You cannot temper this energy.


You cannot siphon off the amount of magic you want to receive at one given moment, hoping that when you are in a better state, you can give it your full attention. Like manna in the desert, if you hold onto it for too long, it will go bad.


The energy does not care if your fiancé is detained at the American border. The energy does not care if you have other project to work on. The energy will provide you an opportunity, and it is your choice whether you take it or not.

This is why you have to do something you love.

Because at some moment, Big Magic is going to come knocking when you do not want to answer.

After what has been the longest day of your life, you are going to have settled into bed, after your nightly routine, your eyes closing as your head hits the pillow, and boom, big idea.

If you do not love what you do, if you are searching for the perfect work life balance, nothing is going to carry you from your bed, to your desk to scribble something down. Nothing is going to get you back out of bed 5-6 more times because you have not fully given the moment the attention it deserves.


When you are sitting at dinner with friends, a new lesson plan, a small tweak to a project, or an exciting essay prompt, will pop into your brain, and unless you write it down in that instant, when you come home ready to unpack what seemed to be the only thing you could think about, it will be gone.

See work life balance does not come in your ability to hold in suspension your efforts and your rest. Work life balance comes in the ebbs and flows of the energy and ideas you experience.


Even the hardest workers find time to relax: to meditate, work out, call friends, or read a book. However, if they were to find an equal balance between their efforts and their work, they would not produce anything. Yes, there are two parts to the equation, but, no, they are never in full balance.


You will face bouts of intense, often violent, moments where the tide comes in and swallows the entire shore, only to relent and recede once you have sufficiently been immersed in the what the water has to offer you.


Extraordinary things can only be achieved through extraordinary efforts - Matt Higgins

Extraordinary outcomes only happen when we are willing to take a deep breath, plug our nose, and squeeze our abdomen so hard we nearly pee ourselves. We must hold on as long as we can, hoping that we have gleaned all that is offered while submerged in this force: until the moment our cheeks puff out and our chest begins to expand.

Do not focus on figuring out when to cap your efforts in the name of balance.


Elizabeth flew to the border to explain her fiancé was coming to America so they could be married, and she lost her would be story.
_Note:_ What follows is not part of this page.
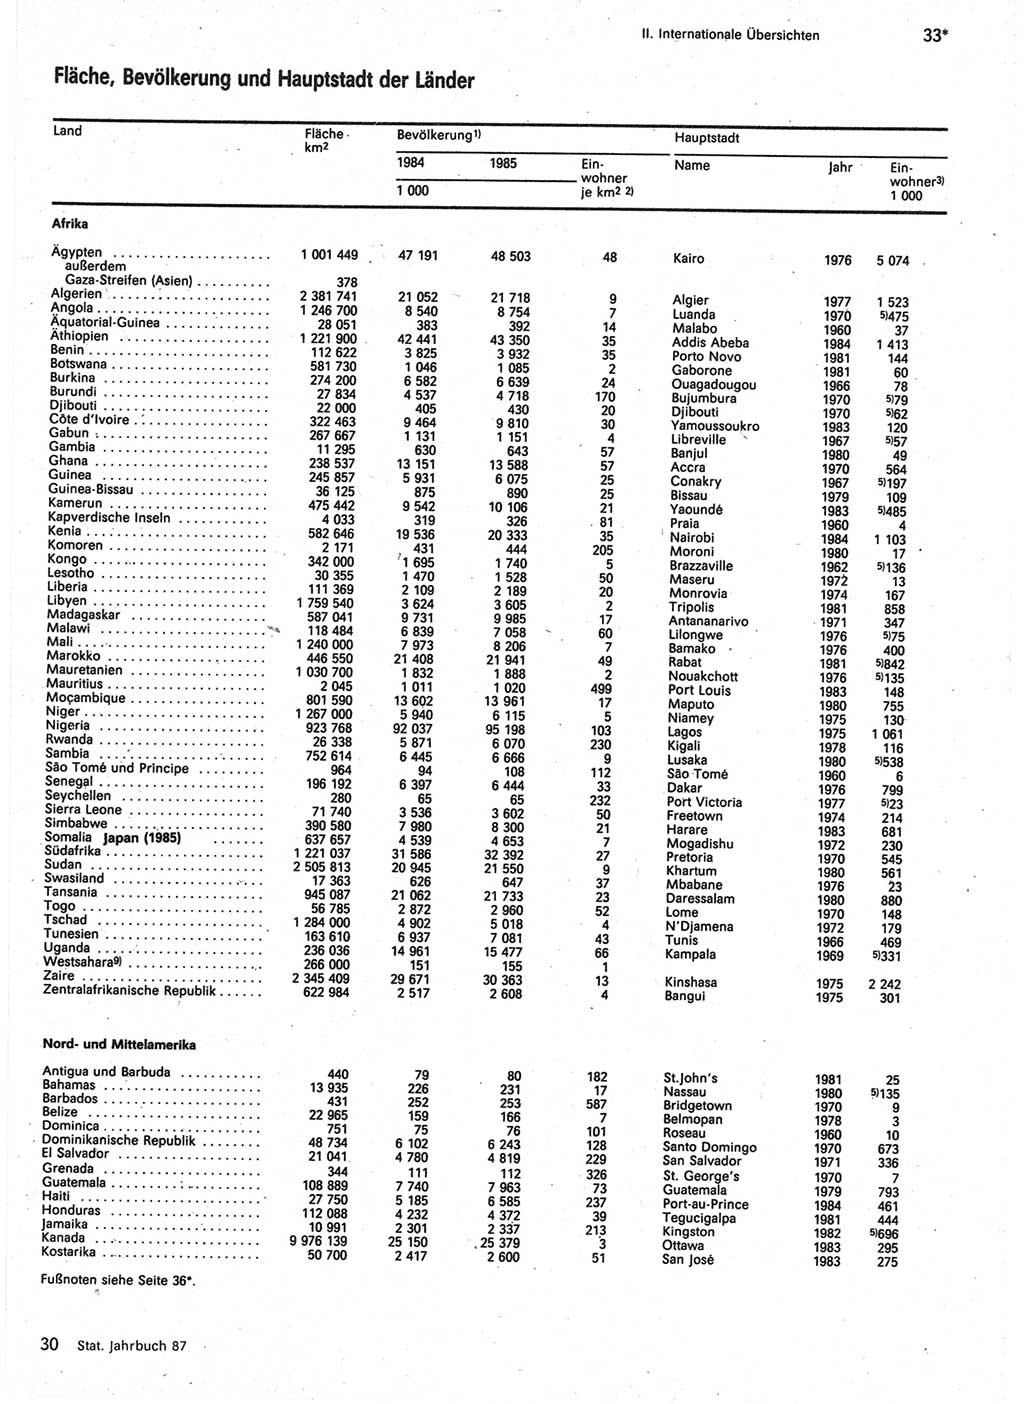 Statistisches Jahrbuch der Deutschen Demokratischen Republik (DDR) 1987, Seite 33 (Stat. Jb. DDR 1987, S. 33)

The stark reality is, no matter your job, you will be required to put in some level of effort beyond what you want. Whoever it is you look to as your job idol, they are allowing the tide to thrash them left, right, up and down, knowing that the waters will recess.


This is inevitable.


Yes, you can try to watch from the shore, running to the hills when you see the tide coming in, but the water will reach you and it is better to not fight. The fight will only lead you to live a life full of resentment as those who allow the waves to crash down on them reap the rewards of the inspirations they encounter.


I was so wrong, so full of angst.


You do have to pursue something you love. You are going to have to work. You are going to have to expend yourself for moments where you believe you want to rest: you might as well enjoy what it is you are doing when this happens.


I see it one of two ways.


1. You can choose to drown as the water washes over you, trying to fight the water, or shoot the hurricane.


or


2. You can choose to swim, swim as long as you can, knowing that the water ebbs and flows, and at some point you will find the rest you need.


In either case, there is no balance.


There is only work: a work you hate, and try to fight, or a work you love. A work you embrace in the moments of hardship and struggle the same as the joys and the triumphs. Work life balance is a myth, and if you are trying to find it, you are wasting your time, effort, and potential.